Influence of temperature on dynamic contact characteristics of oil-jet lubricated rolling bearings

Abstract

The temperature variation alters the contact state of each component during the operating process of oil-jet lubricated rolling bearings, which directly affects the dynamic performance of the bearing. However, previous studies on the dynamics of oil-jet lubricated rolling bearings do not comprehensively consider the influence of temperature factors. In addition, the impact of the temperature on the dynamic contact characteristics of the bearing is rarely investigated. To fill these gaps, this study develops a finite element model based on the mechanism of heat generation and transfer of the bearing to simulate the bearing temperature field and obtain the temperature of various components.

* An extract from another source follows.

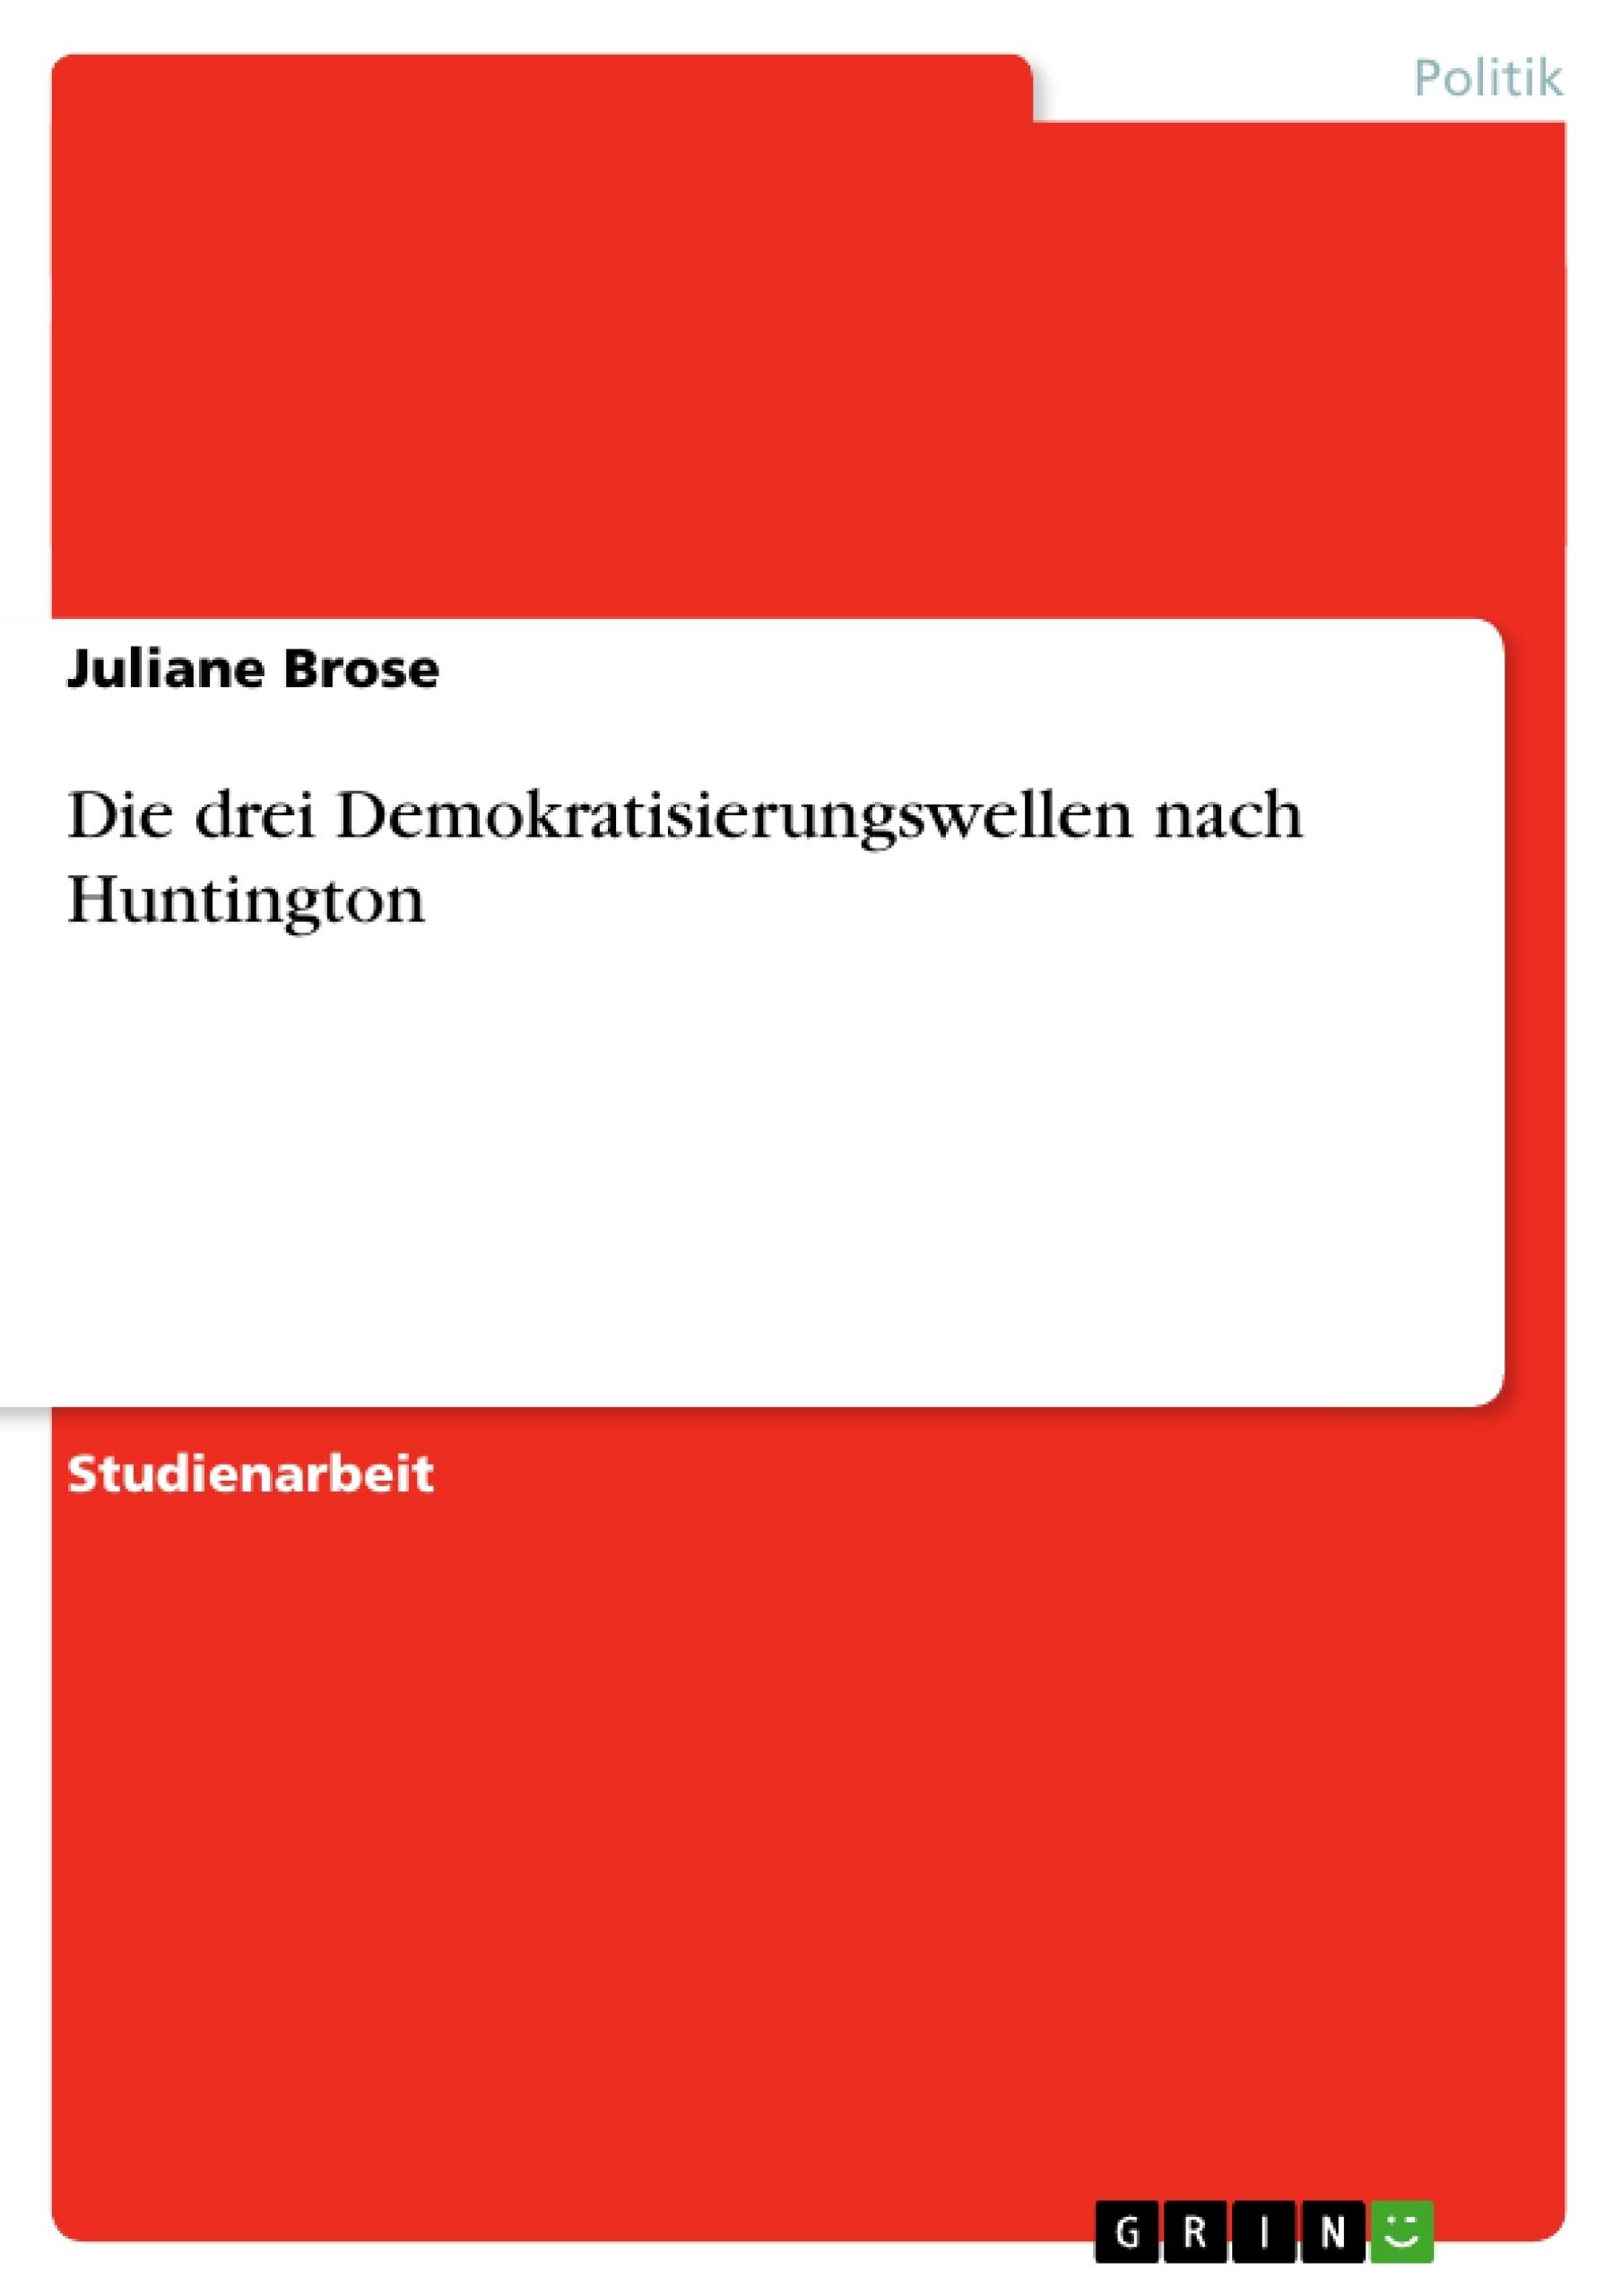 Titel: Die drei Demokratisierungswellen nach Huntington
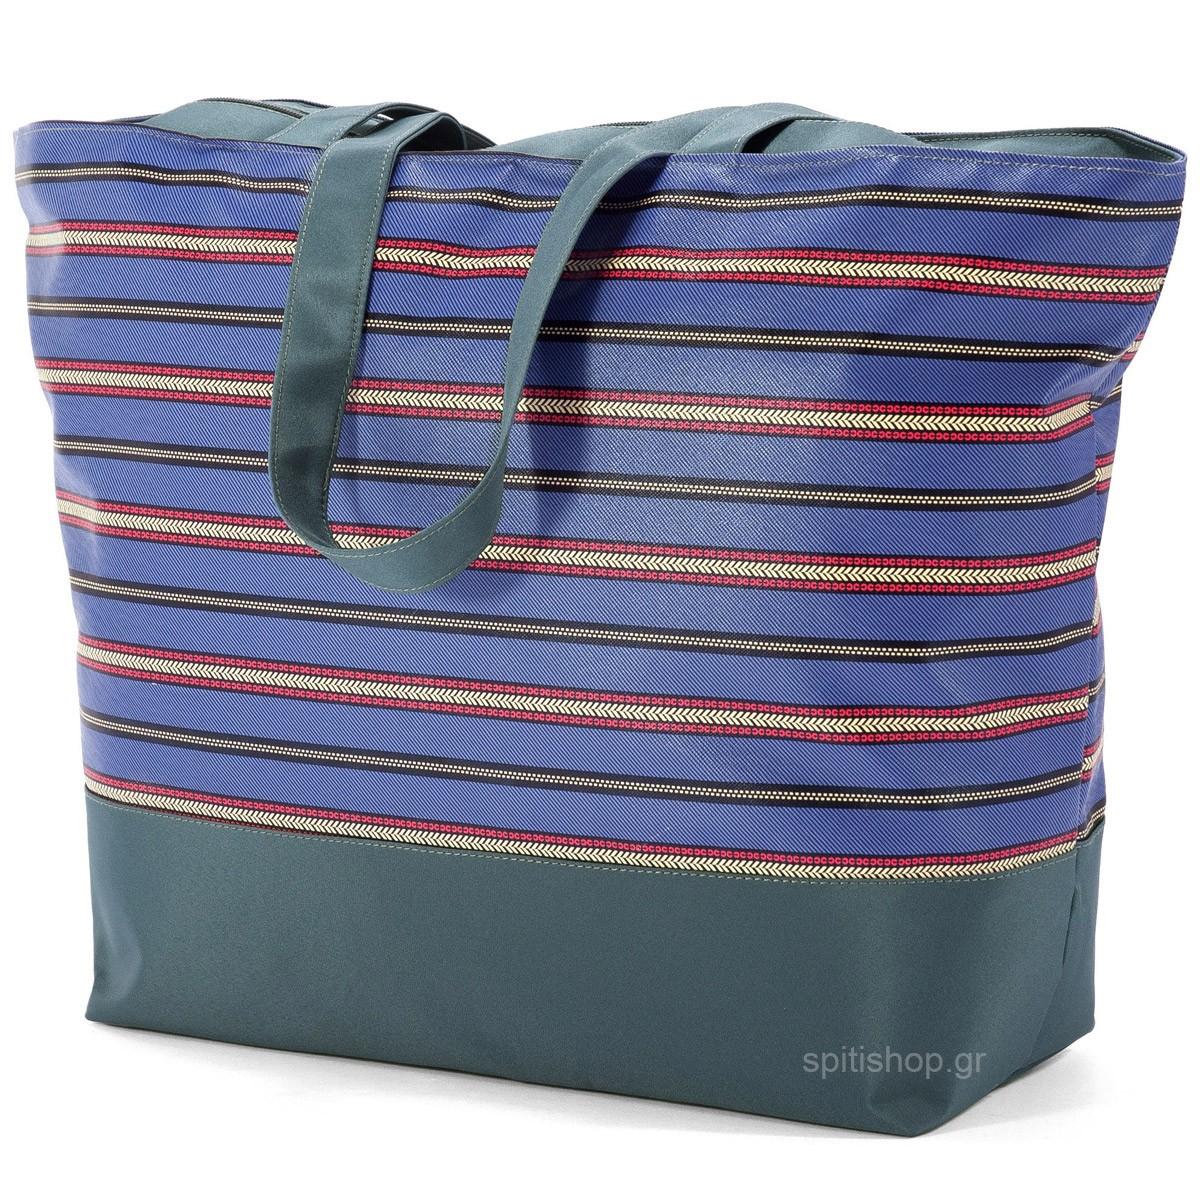 Τσάντα Παραλίας Benzi 5003 Col4 home   θαλάσσης   τσάντες θαλάσσης

On this basis, a dynamic model of an oil-jet lubricated axle box bearing is established to explore the influence of the radial clearance, internal temperature of the axle box and lubricating oil temperature on the contact force between the race and the rolling body by considering the influence of temperatures on the thermal deformation, lubricating oil parameters and equivalent stiffness. It was found that the influence of the temperature on bearings is primarily manifested in the elastic modulus, lubricating oil viscosity, oil film thickness, equivalent stiffness and thermal deformation. The contact force between the rolling body and the race increases significantly when the lubricating oil temperature is high, which may result in bearing pitting failure. These analysis results can provide a theoretical foundation for bearing parameter design and life research.